The son of Ukrainian immigrants, Kalib was born into a long line of cantors from the town of Valodika, just outside Kiev. He spent his youth and early adulthood performing and teaching chazzanut (cantorial music) in both Dallas and Chicago, where he attended the Hebrew Theological Seminary. Later he earned a doctorate in music theory from Northwestern University. Even as a young man, Kalib was concerned that the Eastern European liturgical tradition was in danger of extinction. “As early as the 1950s,” he said in an interview with the Forward, “I saw that
which I had been trained in fading.”
Eastern European synagogue music had been dealt a double blow on its home turf, first by the rise of Soviet communism, which actively sought to suppress Jewish tradition from the 1920s onward, and then by the Holocaust.

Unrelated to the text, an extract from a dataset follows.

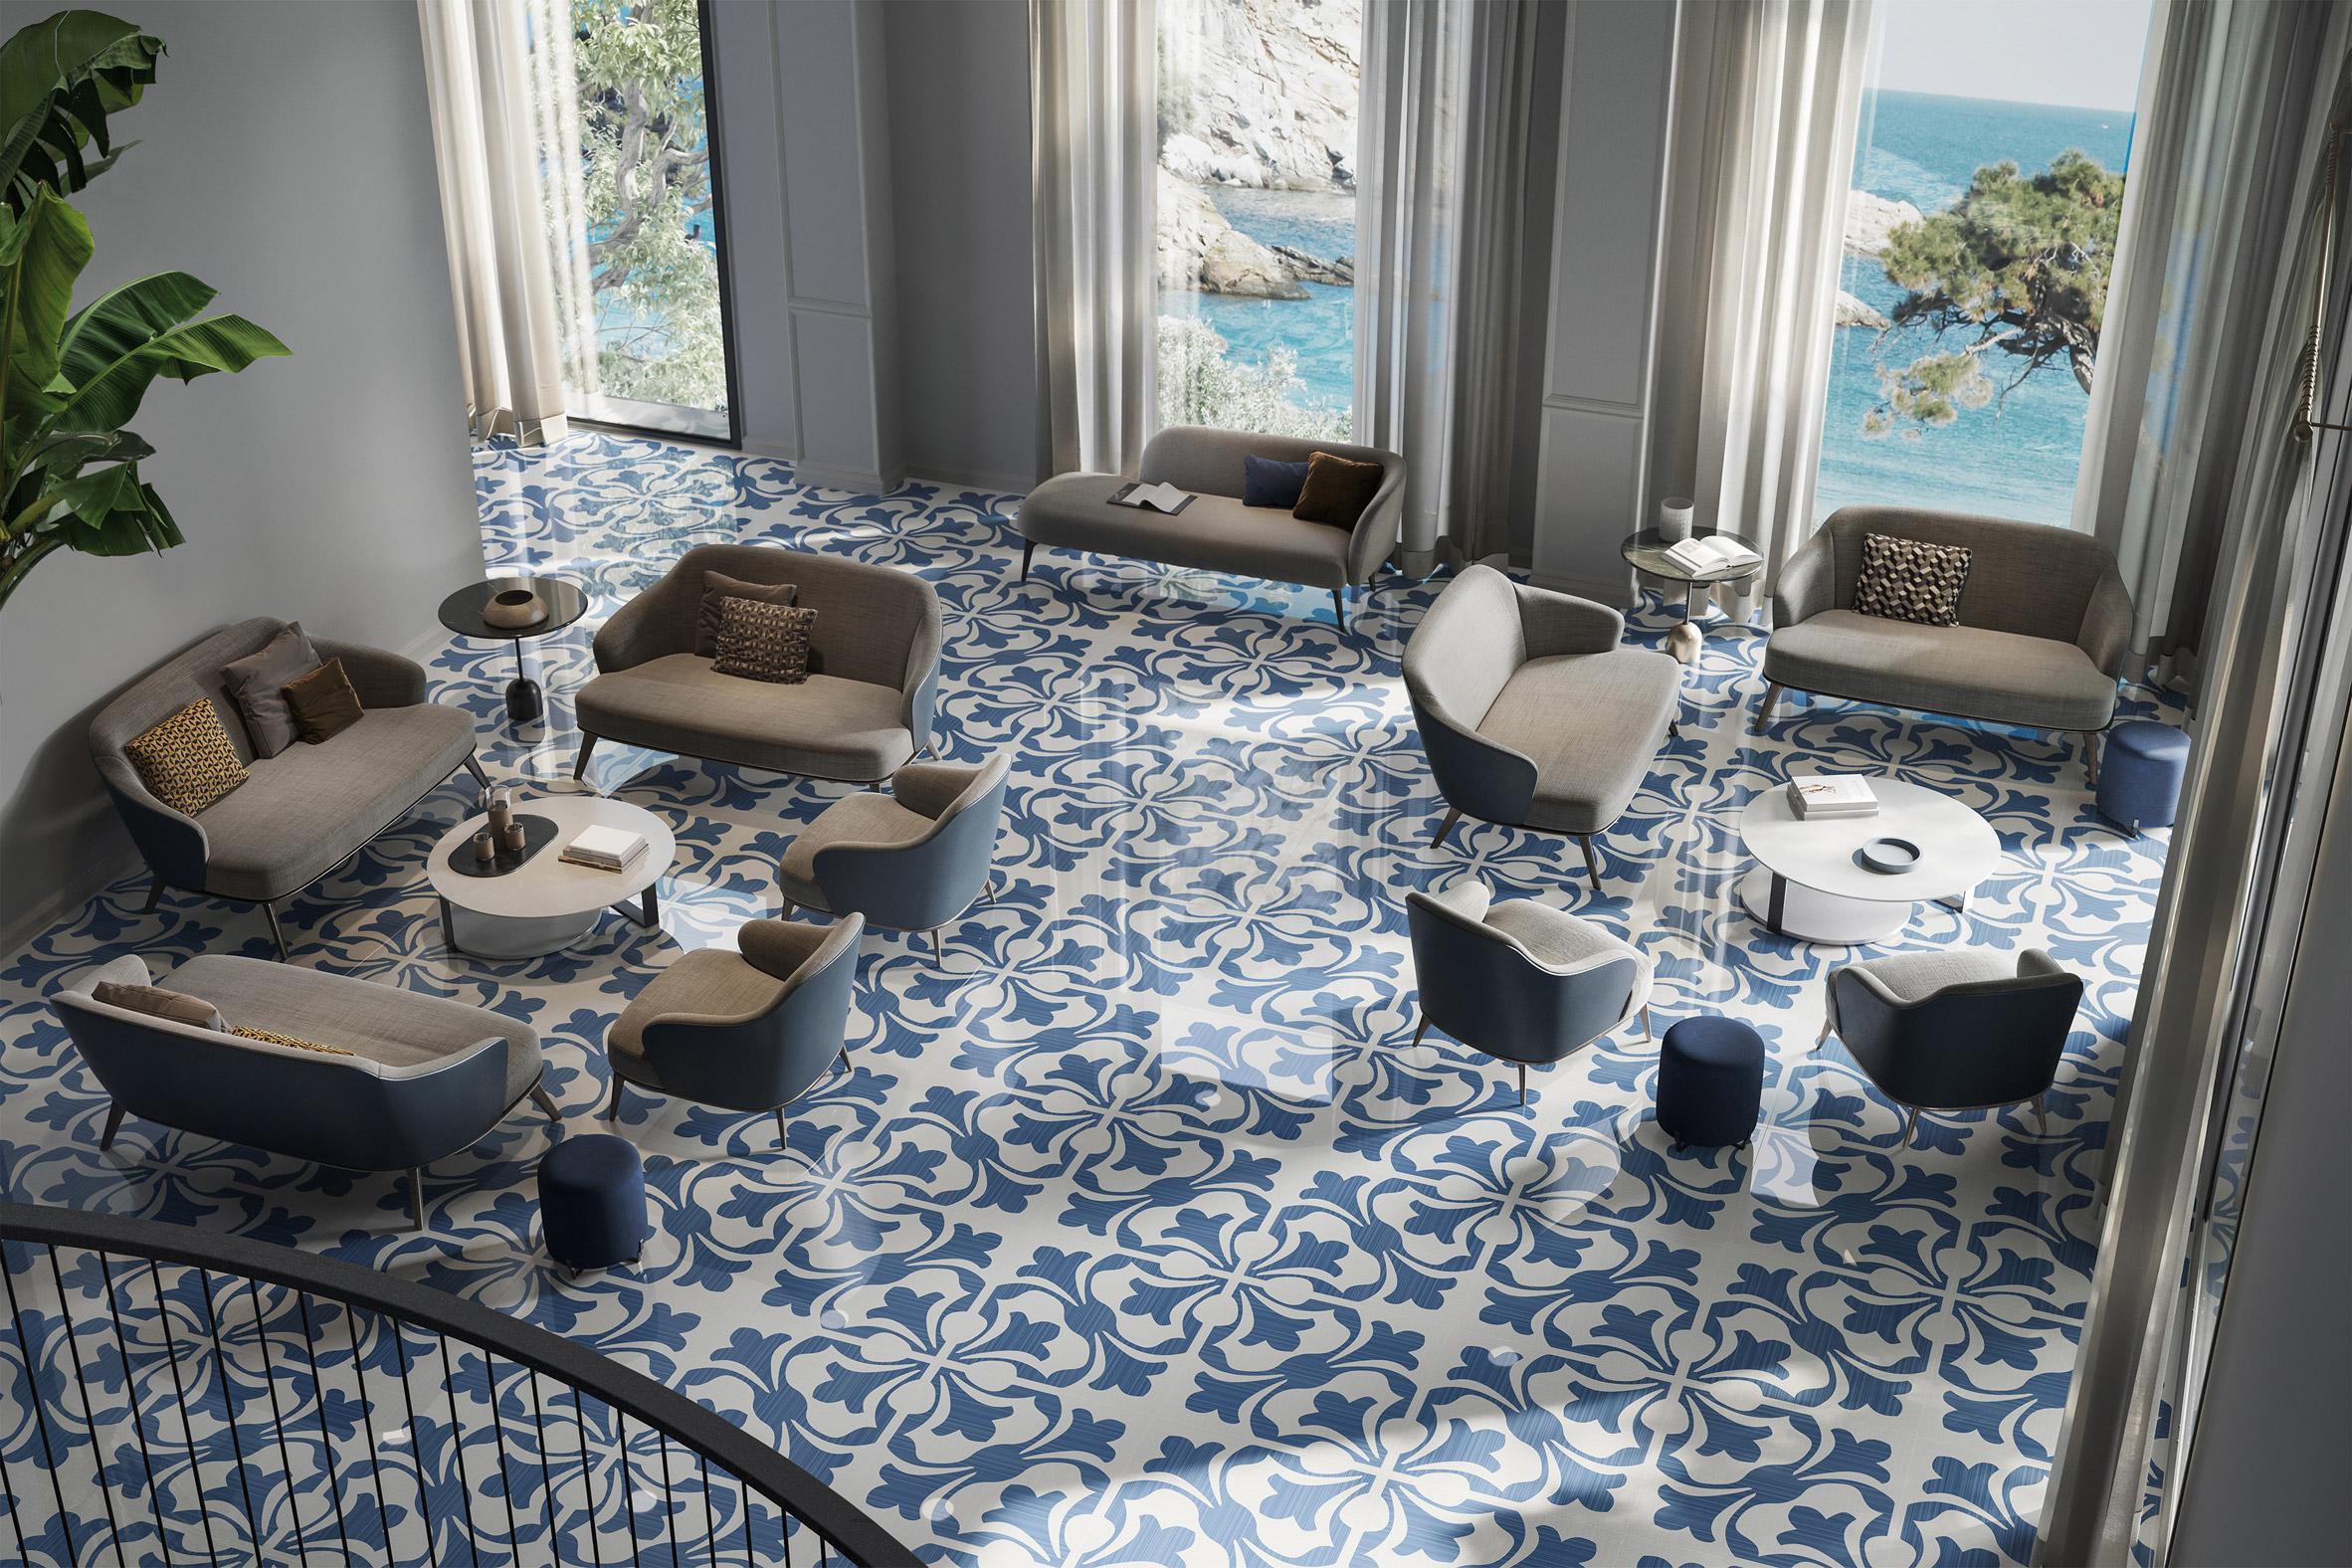 Fiore Blu in Riflessi tile collection by Ceramiche Refin

Many of the finest Eastern European cantors had fled their homelands before World War II, and the steady decline in the flow of musically informed Eastern European Jewish immigrants after the war only accelerated the effects of acculturation and assimilation in the Diaspora. To make matters worse, while Western European synagogue music has been well documented in written form for many centuries, its Eastern European counterpart remains largely an oral tradition. And as with any oral tradition, a decline in the pool of practitioners is lethal. By 1976, Kalib was convinced that the music with which he had grown up needed to be preserved and codified “in systematic fashion” if it weren’t to vanish altogether. So this mild-mannered yet maniacally committed man, whom Eisenberg calls “the Indiana Jones of Judaism’s classical music,” embarked on a research trip across North America and Israel, ultimately compiling 130 audio tapes’ worth of material from native Eastern European cantors and lay prayer leaders. Kalib transcribed and analyzed those recordings over the course of several sabbaticals, augmenting them with his own collection of printed manuscripts to produce the first two volumes of his projected five-volume set.
The second volume alone, titled “The Weekday Services,” contains 1,350 pages’ worth of musical examples. The first volume, “Introduction: History and Definition,” explains not only the social and cultural environment in which Eastern European synagogue music evolved, but also the nature of the Eastern European nusachot, or Jewish liturgical modes. Like Indian ragas and Arab maqamat, nusachot combine particular scales with characteristic melodic phrases and ornaments. Thanks to centuries of immigration and cultural exchange, the Eastern European nusachot have exerted a considerable influence on the melodic language of Western European synagogue music, just as Western European harmony has profoundly affected Eastern European liturgical music.
With three volumes left to go, Kalib has already launched the next phase of his project: producing fresh recordings of each and every musical example in his collection. With Eisenberg’s help, Kalib auditioned more than 100 singers for the JMHP Boys’ and Men’s Choir this past summer, and the group began rehearsing in November. He estimates that the entire project will take another decade to complete, at which point he will have concluded one of the most comprehensive efforts at musical preservation ever attempted. It’s an extraordinarily ambitious undertaking — one that many would have dismissed as impossible at the outset — yet Kalib shows the same kind of determination and commitment that enabled previous generations of cantors and congregants to keep the tradition alive despite the upheavals of the last century. “This is a dream,” he said. “We’re just working on faith.”